Kisah cinta anak SMA terhadap seorang dokter tampan yang baru saja dikenalnya di sebuah pesta ulang tahun temannya. Sonia demikian mabuk kepayang dan jatuh cinta pada dokter Monark, tanpa dia menyadari bahwa dia menjadi target sang dokter. Segala nasehat kakaknya tentang pribadi sang dokter, sama sekali tidak didengarkan. Tapi situasi bisa saja berubah. Bagaimana kelanjutan cinta Sonia dengan dokter Monark?
Karya ini diterbitkan atas izin NovelToon julius caezar, isi konten hanyalah pandangan pribadi pembuatnya, tidak mewakili NovelToon sendiri
BAB 23 : AKU TAK INGIN KEMBALI
Monark menjumpai Idham tengah duduk mencakung di beranda rumah Mang Kasim. "Mana Kirana?" tanyanya.
"Di dalam," sahut Idham sambil menggerakkan kepala ke arah pintu. Monark melangkah terus sambil berkata, "Sana pulang, Dham. Tadi Sonia mencarimu!"
"Apa iya?" seru pemuda tanggung itu kaget. Tanpa menunggu penegasan, dia segera angkat kaki, lari pontang panting untuk menerima perintah dari jantung hatinya. Monark geli melihatnya, tapiurusannya sendiri juga cukup rumit!
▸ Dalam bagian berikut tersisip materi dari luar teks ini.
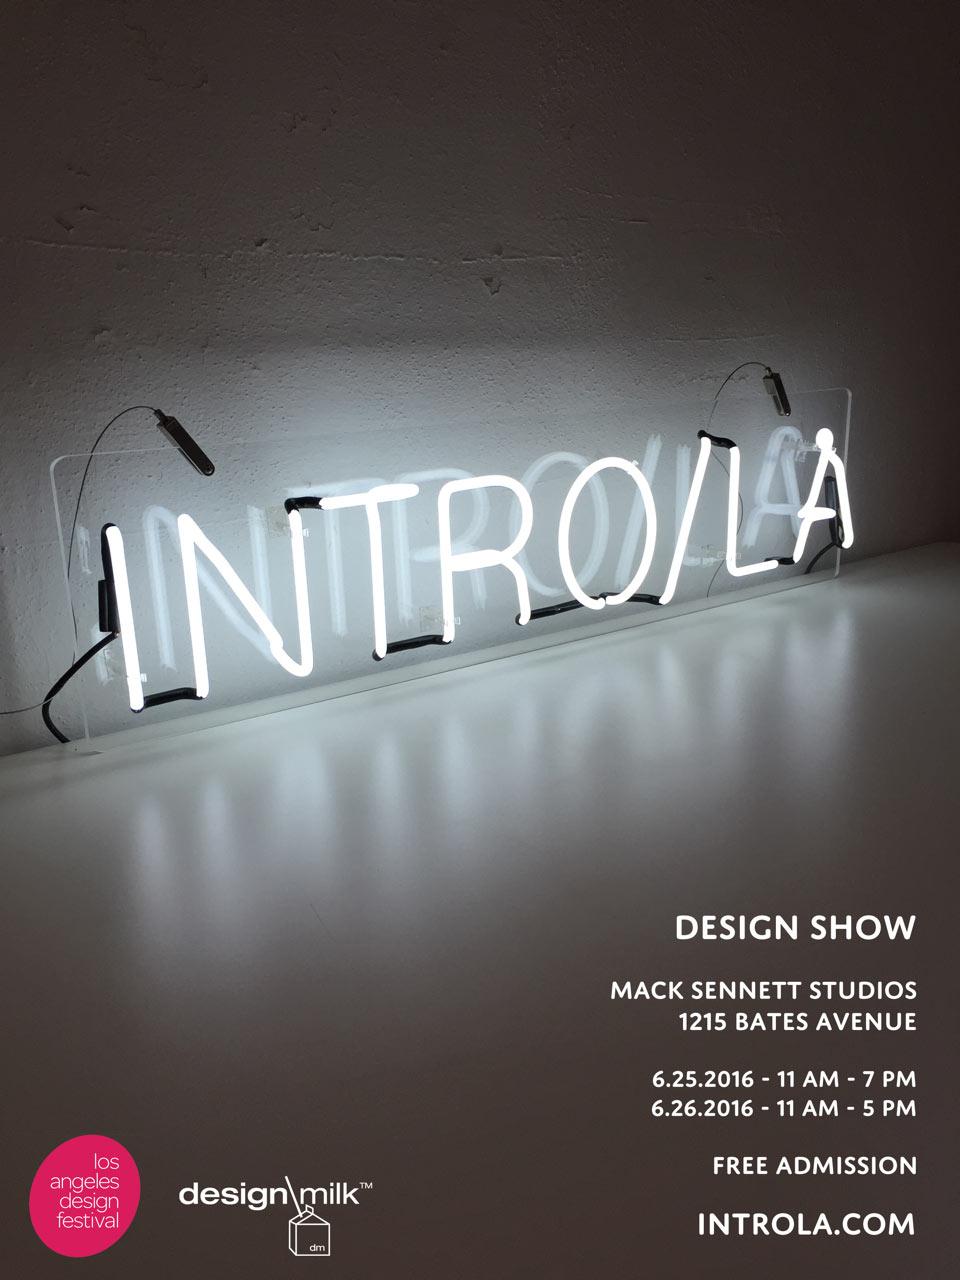 INTRO/LA 2016: West Coast Design

Dia menerobos ke dalam setelah permisi. Mang Kasim menyilakannya duduk. "Terima kasih, tidak usah pak. Di mana dokter Kirana?"
"Oh, di kamar dalam," jawabnya menunjuk dengan ibu jari kanan. "Wati itu anak perempuan saya, tadi perutnya sakit sekali sampai menjerit jerit. Saya kuatir sekali. Kebetulan Ati pernah cerita di rumah majikannya sedang ada dokter, jadi saya ke sana. Bapak juga dokter?" tanyanya melihat sikap Monark yang penuh wibawa.
Monark mengangguk. "Boleh permisi masuk pak?"
"Silakan. Silakan," sahut Mang Kasim
Kirana menoleh ketika gorden di ambang pintu menguak. Dia tertegun menatap siapa yang masuk. "Tidak serius kok," katanya spontan, mengira Monark datang untuk membantu. "Biasa, sakit perut bulanan," tambahnya berbisik.
Monark tidak menanggapi semua kata kata Kirana. Dia tetap membisu sambil memandangnya lekat, menyengat. Kirana tercekat. Mau apa lagi ini, pikirnya. Tapi dia tidak mau bertanya. Kalau ada perlu biar Monark yang buka mulut.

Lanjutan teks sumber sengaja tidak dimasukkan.